Convention internationale des droits de l’enfant et règlement intérieur

Le vote par le Parlement de la loi instituant une Journée nationale des droits de l’enfant le 20 novembre, vos instructions aux enseignants afin qu’ils informent les enfants sur la convention internationale et les sensibilisent « à leurs droits et obligations » et l’avis du Conseil d’État concernant « le droit d’exprimer et de manifester leurs croyances religieuses à l’intérieur des établissements scolaires » ont amené des équipes pédagogiques à s’interroger sur le respect, dans le cadre de la vie scolaire, des droits et libertés fondamentales accordés aux enfants par la convention.

Ne faudrait-il pas, aujourd’hui, prévoir les modalités d’exercice des droits et des obligations dans le règlement intérieur des écoles ?

Cette initiative implique-t-elle une modification du règlement type départemental ?

Réponse du directeur des écoles, Marcel Duhamel, le 30 octobre 1997 :

« S’agissant des droits de l’enfant, la circulaire n° 97-175 du 26 août 1997 parue au bulletin officiel hors-série n°5 du 4 septembre 1997 rappelle à chacun les peines et les sanctions encourues en cas d’abus sexuels sur mineur ».

Cette réponse ne nous apporte aucun élément nouveau. Nous connaissons cette circulaire et ce n’est pas l’objet de notre demande que le directeur des écoles semble délibérément ignorer.

Quel est aujourd’hui le statut du règlement intérieur des écoles maternelles et élémentaires ?

Dans votre circulaire n° 96-103 du 15 avril 1996, relative à l’éducation à la citoyenneté, vous écrivez que le règlement intérieur constituera, pour chaque élève, « l’expression tangible de la règle de droit de la vie quotidienne à l’école ».

Par ailleurs les avis et arrêts du Conseil d’État (avis du 17 novembre 1989 et arrêt du 2 novembre 1992) reconnaissent au règlement intérieur des écoles un statut juridique.

Pouvons-nous aujourd’hui affirmer, aux équipes pédagogiques, que le règlement intérieur, adopté par délibération du conseil d’école, est un texte juridique inscrit dans la hiérarchie des normes à l’échelon des arrêtés et donc soumis au principe de légalité ?

Qui a pouvoir de contrôle administratif des délibérations du conseil d’école ?

L’inspecteur d’académie et l’inspecteur de l’éducation nationale ont-ils compétence pour annuler un acte du conseil d’école pour illégalité ?

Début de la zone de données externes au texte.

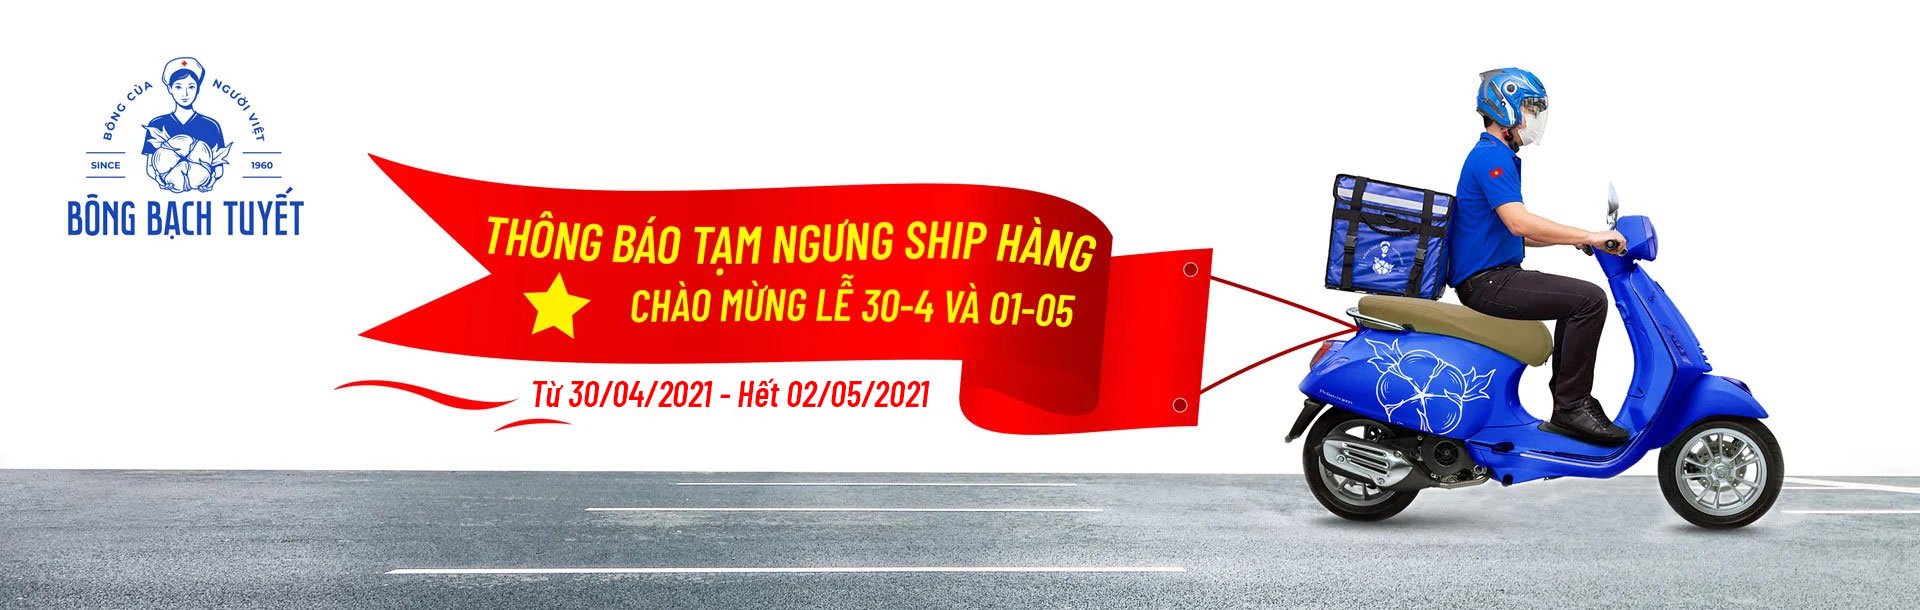 Bông Bạch Tuyết tạm ngưng ship hàng dịp lễ 30/04 & 01/05

Quelles sont les procédures de recours à l’égard des décisions prises par le conseil d’école ?

Aucune réponse écrite à cette question ne nous sera donnée, ni par Ségolène Royal, ni par ses services.

La circulation dans l’école et le travail autonome

En application de vos recommandations, encourageant la mise en place d’activités faisant appel à l’initiative et à la responsabilisation des élèves, des projets d’écoles avec lesquelles nous travaillons, prévoient la libre circulation des élèves dans le cadre des activités autonomes à l’intérieur de l’école, pendant les heures d’enseignement et les temps de récréation.

Or la circulaire n° 91-124 du 6 juin 1991, portant sur les « directives générales pour l’établissement du règlement type départemental des écoles maternelles et élémentaires » ne prévoit pas la possibilité de mise en œuvre de telles pratiques.

Dans la réponse à une question adressée à François Bayrou par Jean Le Gal, le 29 septembre 1996, M. Marcel Duhamel, directeur des écoles, indique que c’est sous la responsabilité de l’enseignant « que des élèves de sa classe peuvent être autorisés à se déplacer seuls dans les locaux scolaires, le maître devant savoir constamment où ils sont ».

Un certain nombre d’inspecteurs autorisent de telles pratiques mais d’autres, ainsi que des directeurs d’écoles, s’y opposent.

Pour éviter des conflits, ne serait-il pas nécessaire d’inscrire les modalités d’exercice de la libre circulation des élèves et du travail autonome dans le règlement intérieur ?

- Nous vous soumettons un règlement intérieur qui a été élaboré dans ce sens ;

- Cette initiative locale implique-t-elle une modification du règlement type départemental ?

Nous recevons une réponse signée de Marcel Duhamel, directeur des écoles, le 30 octobre 1997 :

« Concernant plus spécialement la sécurité des élèves et leur déplacement, la circulaire du 13 juin 1979 a été abrogée par la circulaire n° 87-178 du 18 septembre 1997 parue au bulletin officiel n°34 du 2 octobre 1997, relative à la surveillance et à la sécurité des élèves dans les écoles élémentaires et maternelles.

C’est sous la responsabilité du maître de la classe que ses élèves peuvent être autorisés à se déplacer, le maître devant savoir constamment où ils se trouvent. Il ne semble pas nécessaire de prévoir expressément dans le règlement intérieur d’une école toutes les occasions de déplacement des élèves ».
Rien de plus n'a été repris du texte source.